"We want to be the wife of our client instead of his lover," 34-year-old Gao Yong notes, referring to his company's RPO (Recruitment Process Outsourcing) business.
The founder and president of domestic recruitment total solution provider Career International is a pioneer in introducing RPO to China. Gao describes it as establishing common interests and a permanent mutual-care relationship, instead of an intimate, but temporary one, with clients.
In 2004 privately owned Career International got its first RPO order to recruit and manage 100 office employees. The Beijing-based agency now boasts over 300 consultants in eight offices across China, providing services for companies engaged in 15 industries. It recruits thousands of staff, ranging from senior executives to middle-level managers to office clerks, every year.
RPO means that a company has outsourced part or all of its recruitment process to a third party, and the service provider should be responsible for optimizing the recruitment process, rearranging the recruitment resources, cutting recruitment costs, as well as providing professional recruitment skills, tools and technology.
While it is commonplace in North America, Britain and Europe it is still in the embryonic stage on the Chinese mainland.
It was an "accident" that Career International began its RPO business. Since its establishment in 1996, the agency has been focusing on corporate headhunting.
In 2004, a domestic large private industrial group hired Career International to find a senior executive, and the agency's performance pleasing and the group asked Gao to find some middle managers and again Career International met the company's requirements.
Shortly thereafter Gao was told, "you may go ahead and help us recruit all our office staff."
Gao was very excited. "Both my client and I were happy," he says, "but I did not know the model was called RPO then."
In general, businesses looking for top-level executives pay a headhunter on a retainer basis, usually 20 to 30 percent of the recruited executive's first-year salary, and those looking for middle-level managers pay on a contingency basis, says Peng Jianfeng, professor with the Renmin University of China and a senior human resources (HR) analyst.
"When combining them together, as the process is similar, the cost may drop and the agency can get more margin room," he says.
Gao took on RPO as an emerging business for Career International and studied many foreign cases on it to make the business not only more professional but also more localized in order to win clients.
In explaining Career International's unique approach, Gao says at the time he and his consultants were almost camped out in the private industrial group's office everyday in order to obtain a clear understanding of what kind of talents the client really needed, what the corporate culture was and kinds of personalities the business was looking for.
"We are in the same boat (with our clients), we take care of them, and make decisions for both of us, just like a wife operating a family, seeking harmony and growth," says Gao.
Risk control tool
Majoring in English language from Beijing Foreign Language Study University, Gao, born in rural Northern China, got his first job immediately after graduation in 1995 working at a small local headhunter agency.

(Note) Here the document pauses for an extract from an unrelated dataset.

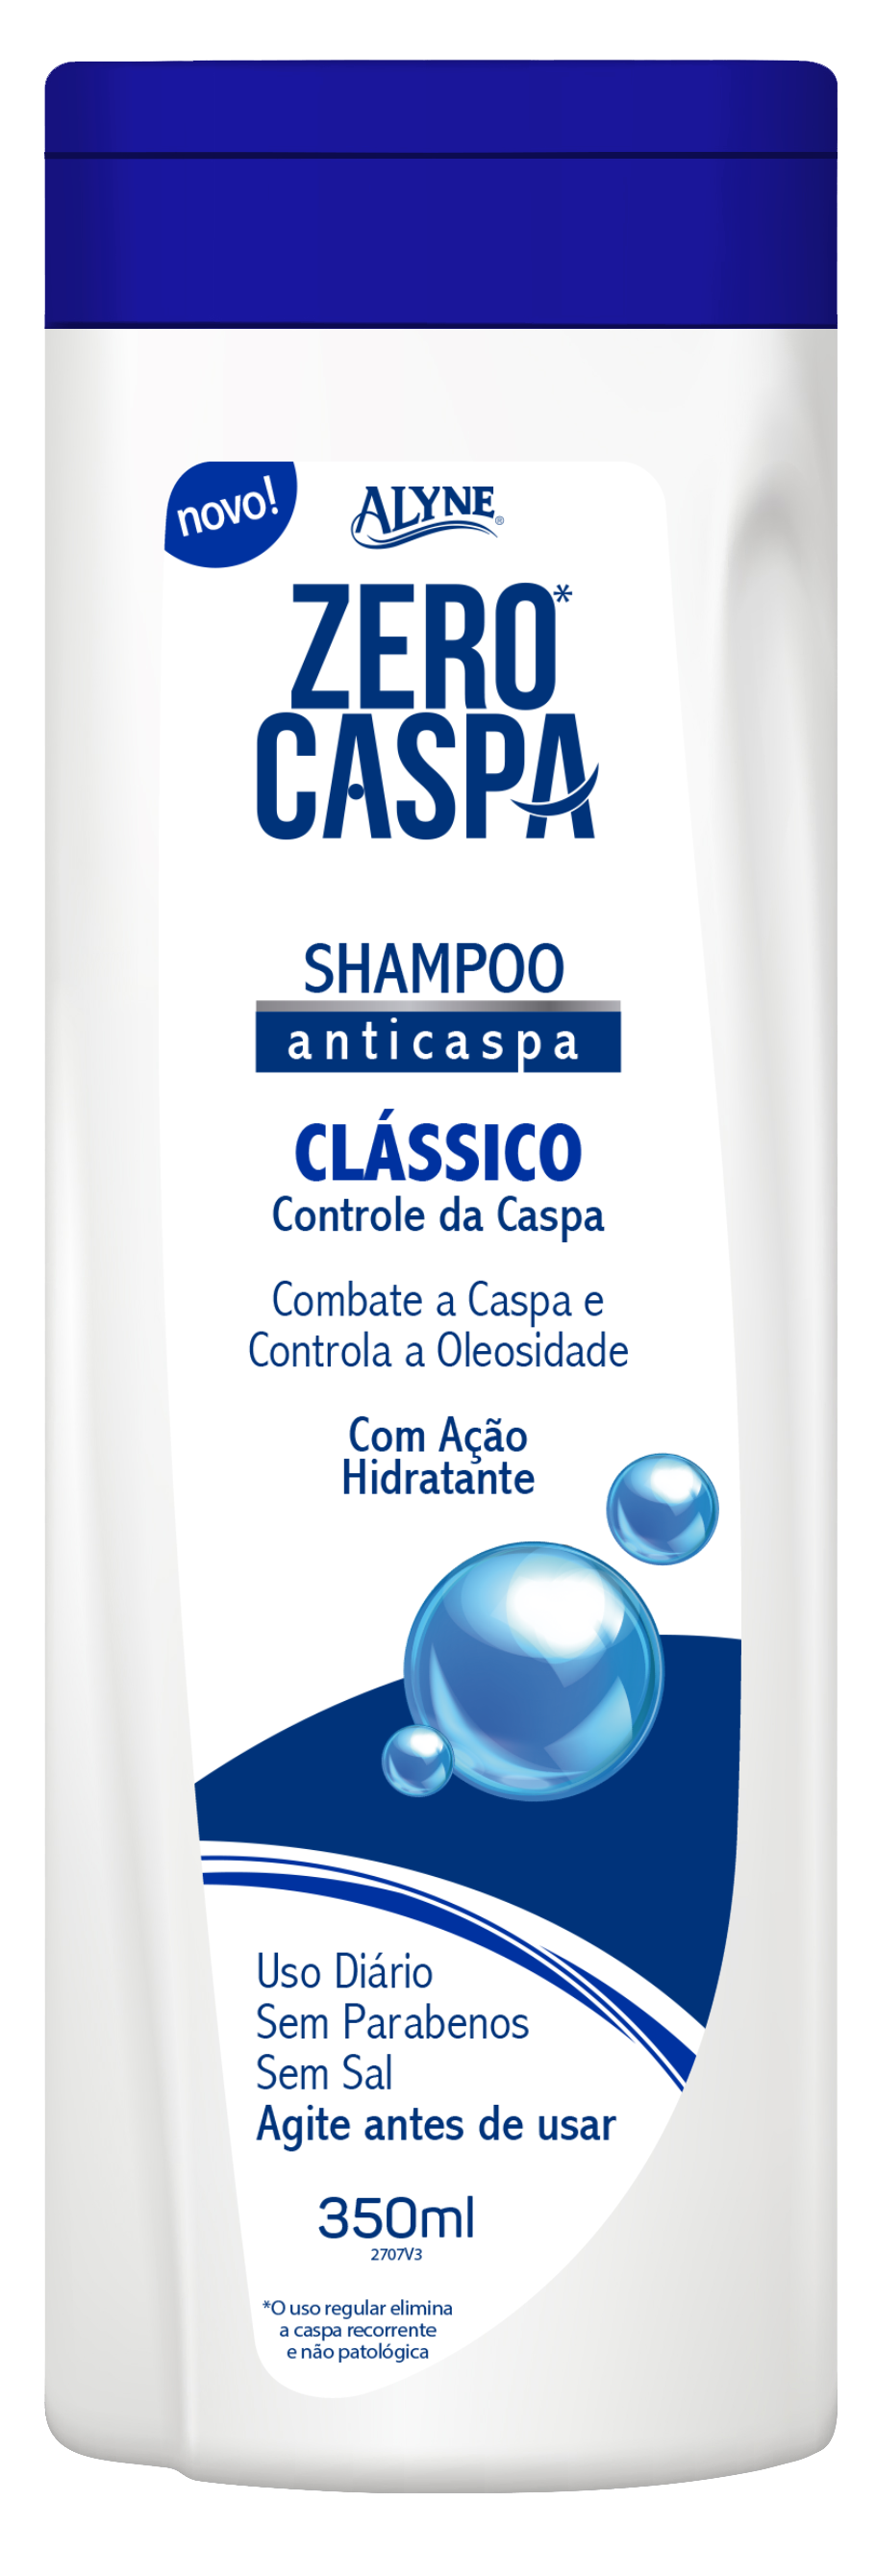 Shampoo Alyne Zero Caspa Detox Refrescante 350ml

Restless, Gao left the agency in 1996 to found Career International with money borrowed from friends.
It has three pillar businesses: headhunting, temporary staff recruitment and RPO. Finding executives for top corporate positions makes up 80 percent of its revenue as a whole and 80 percent of its client are transnational firms to date. The company's yearly net revenue jumped from 10,000 yuan in 1996 to 120 million yuan in 2007.

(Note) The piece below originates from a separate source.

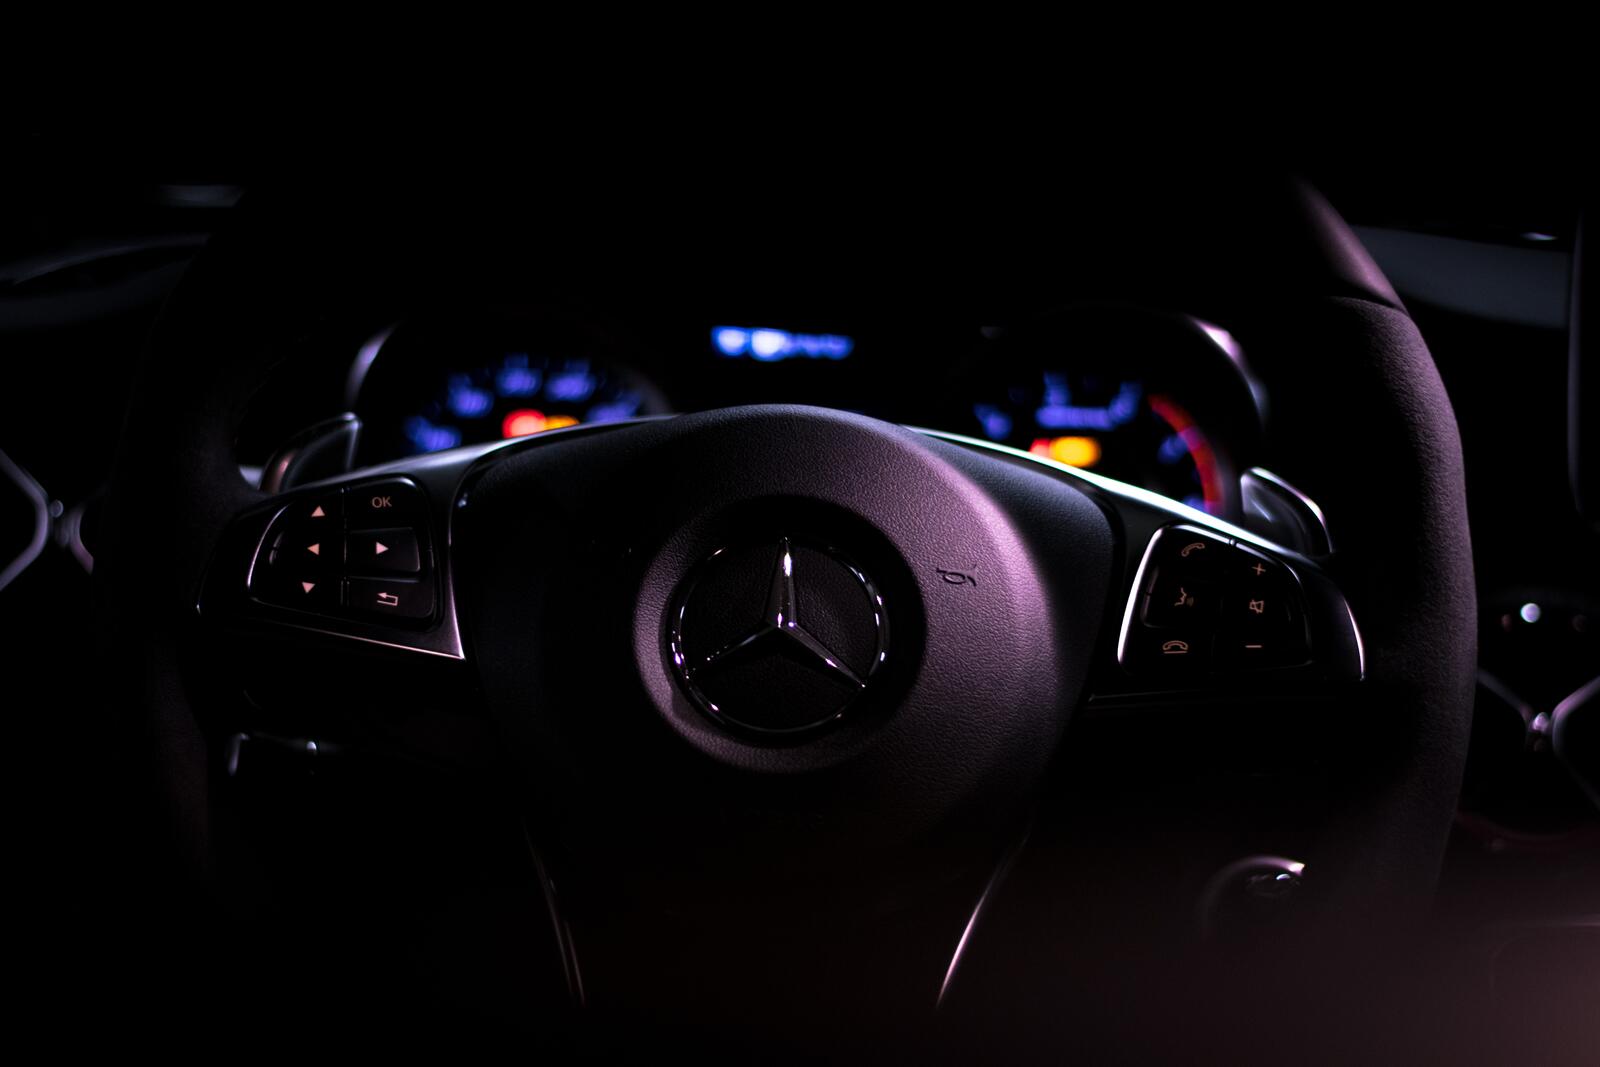 Wallpapers cars steering wheel Mercedes Benz on the desktop

But the global financial woes have had a distinct ripple effect on the corporate world and as salaries for CEOs and presidents drop, headhunting is becoming correspondingly dim.
But Gao says the RPO approach can provide a cost-cutting solution.
"Many multinationals in China, who previously separated senior executive hunting and staff recruitment now prefer to package the two sectors, and some have turned to us for related services," says Gao.
Gao says the powerful human resource multinationals in China, such as Hudson and Manpower, are also potential competitors.
"But in the mainland market so far, I don't think they are competitors yet, for the RPO sector, as they are eyeing the high-end market and have not yet seen RPO as a growth engine," he says.
"Under market turmoil, operators with quick response and full flexibility will take the lead," says Peng.
Gao says Career International, knows the local conditions better than the transnationals, designs and revises solutions much faster, and cooperates with clients more flexibly.
"Most importantly, we are zero-distance with our clients geographically and culturally, we are zero-distance with Chinese market, and we and our clients are like a family on the same side of the fence," adds Gao.